| YOUR OBJECTIVE |
Your copy runs from the line containing "Lehmann Maupin - Angel" through the last line of the listing, both included. Restate those lines word for word and leave out pictures.

| DATA |
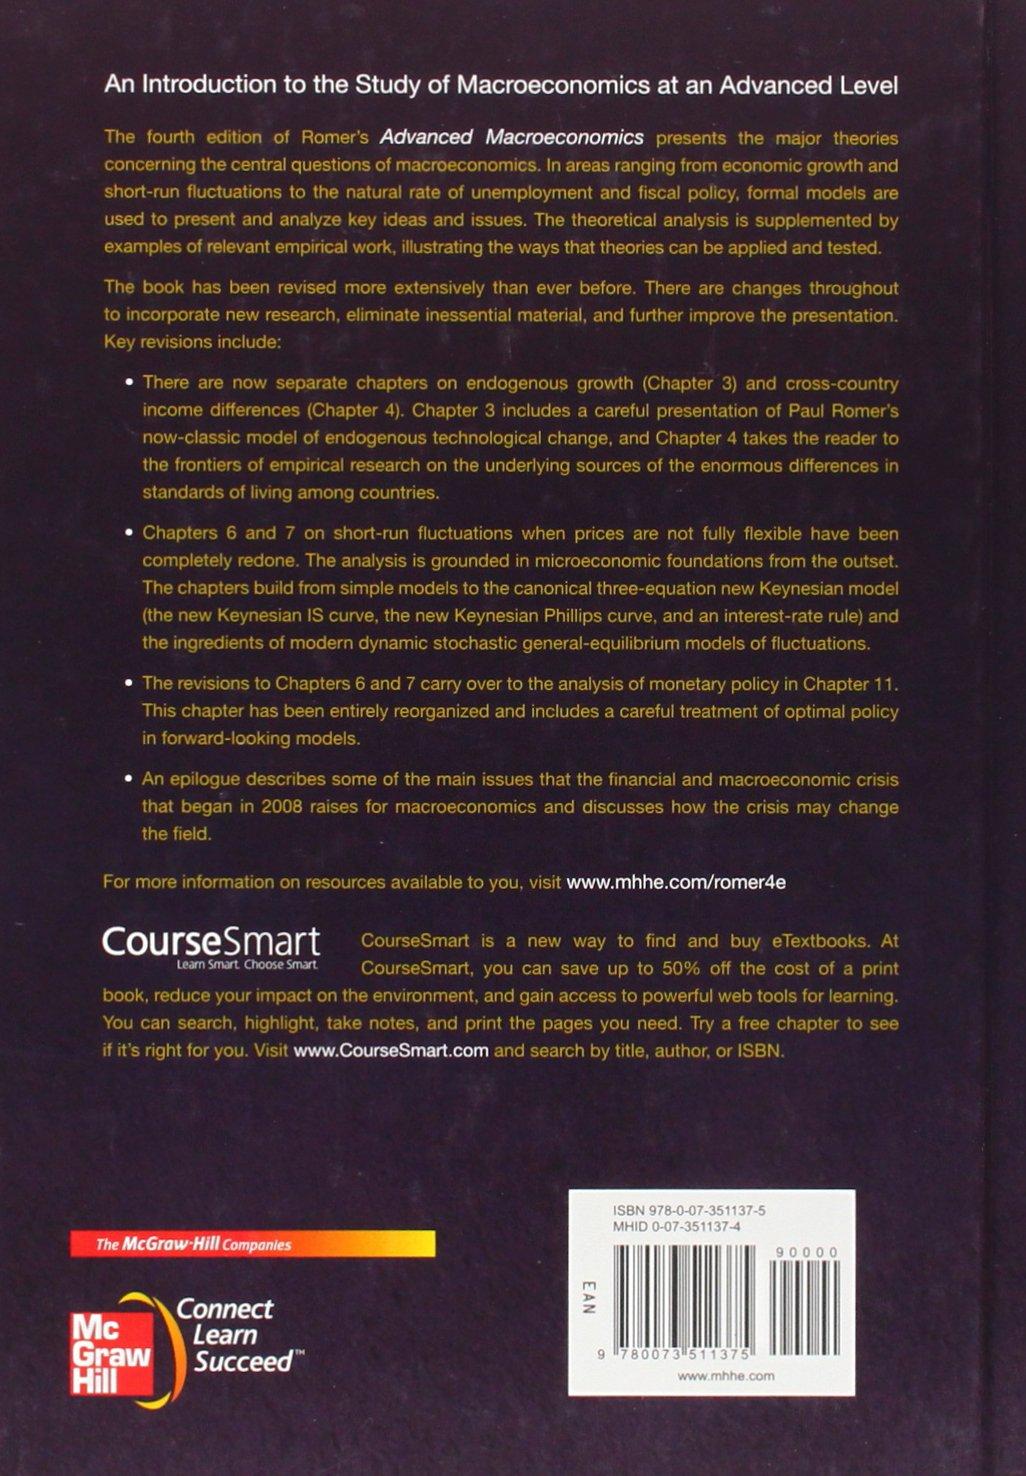 Buy advanced macroeconomics the mcgraw hill series in economics buy advanced macroeconomics the mcgraw hill series in economics book online at low prices in india advanced macroeconomics the mcgraw hill series in fandeluxe Images
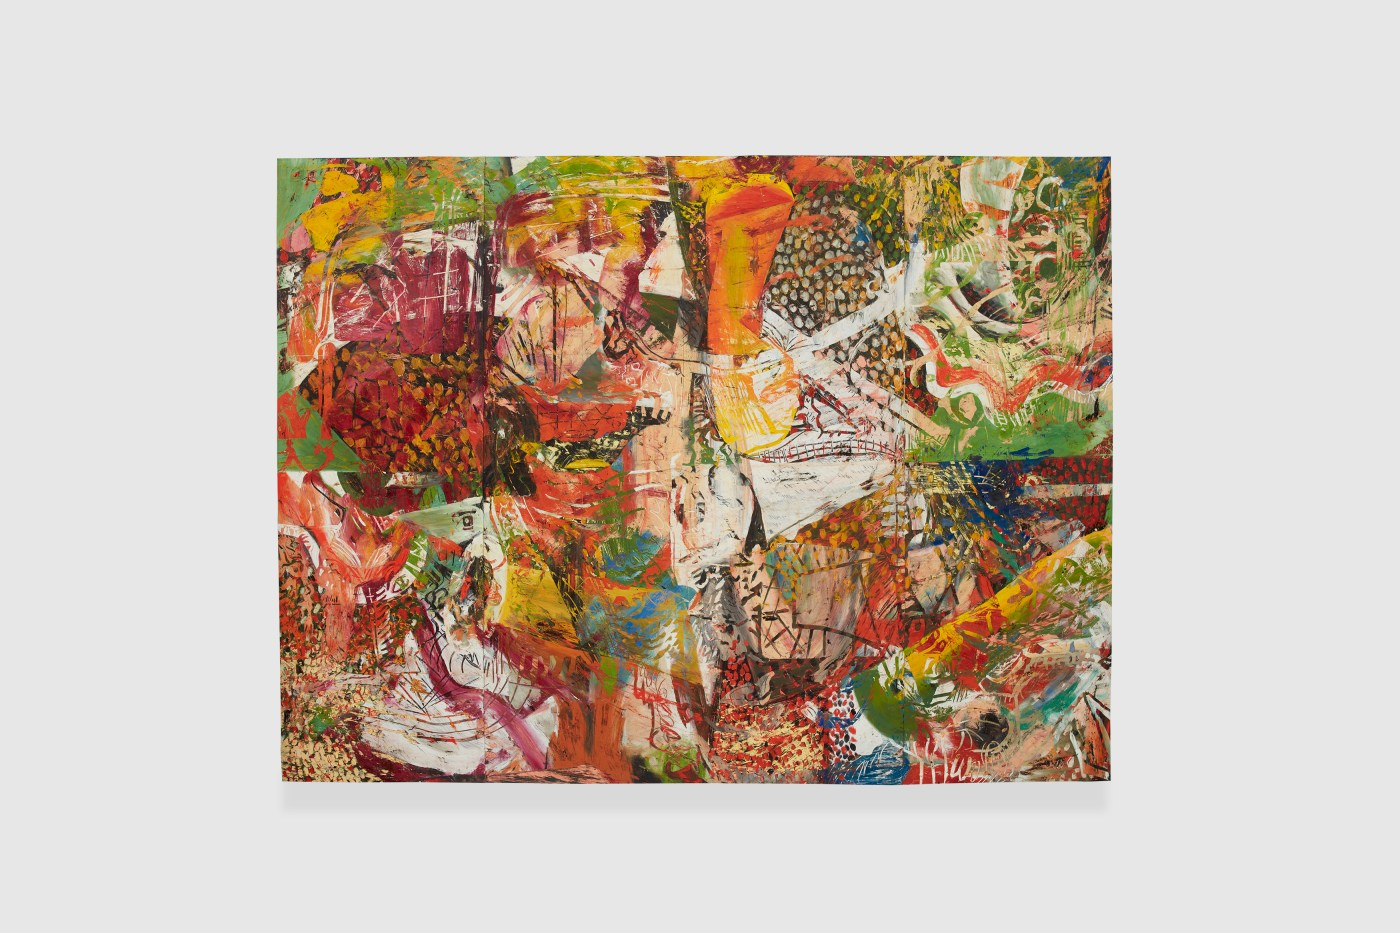 Lehmann Maupin - Angel Otero, Window Seat,2019 100,000美元 , 圖片由 Sotheby's Gallery Network 提供
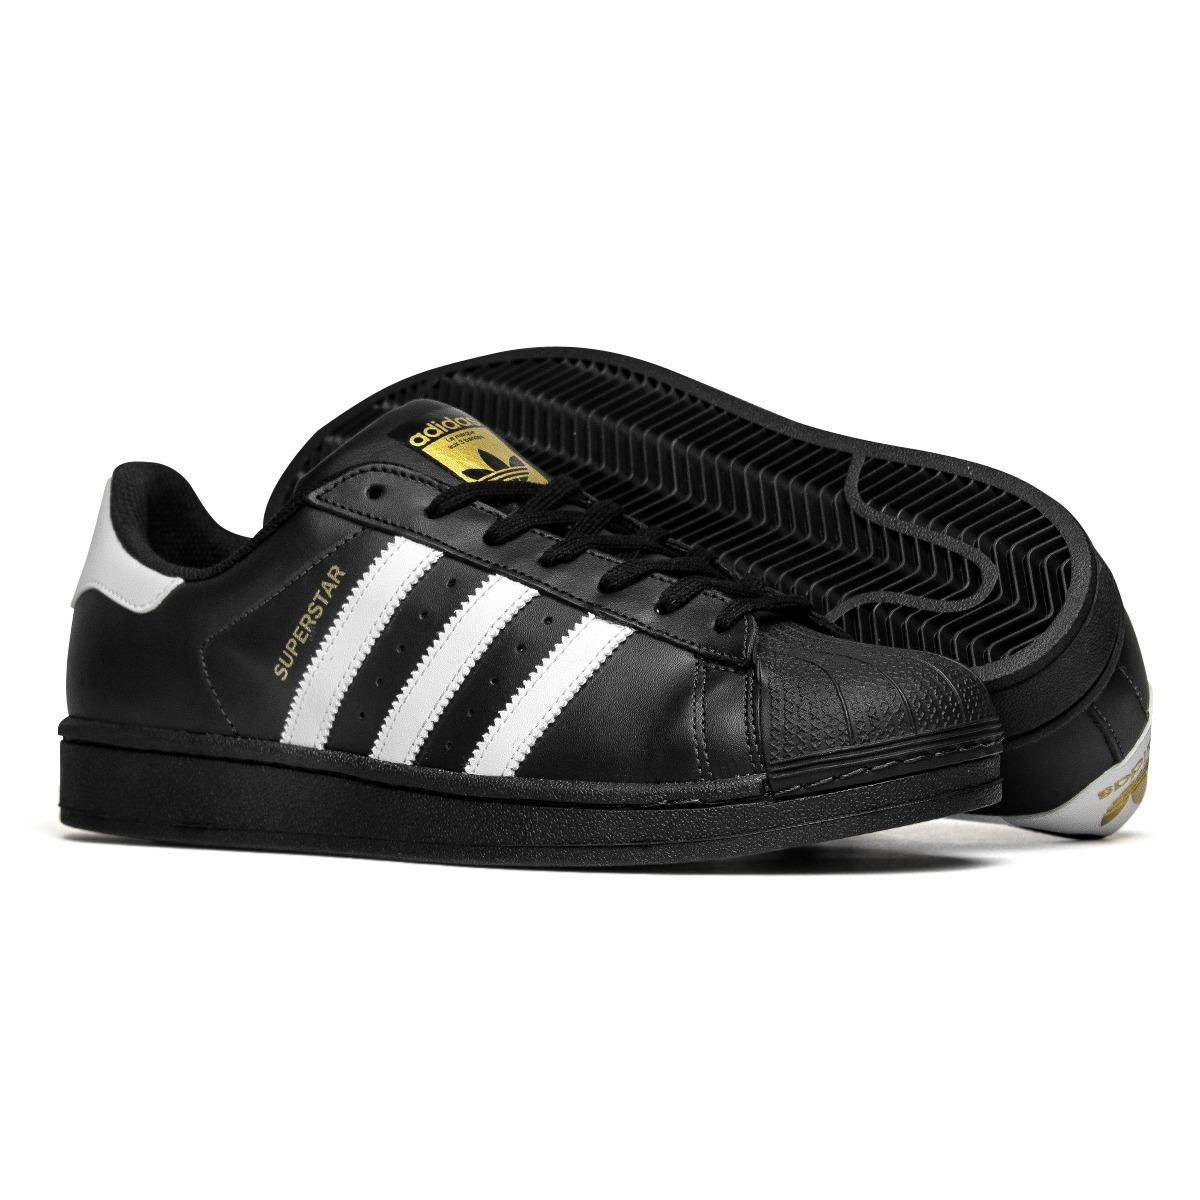 d722dc89f8 tênis adidas superstar originals unissex black friday. Carregando zoom.

| RESPONSE |
 Lehmann Maupin - Angel Otero, Window Seat,2019 100,000美元 , 圖片由 Sotheby's Gallery Network 提供
 d722dc89f8 tênis adidas superstar originals unissex black friday. Carregando zoom.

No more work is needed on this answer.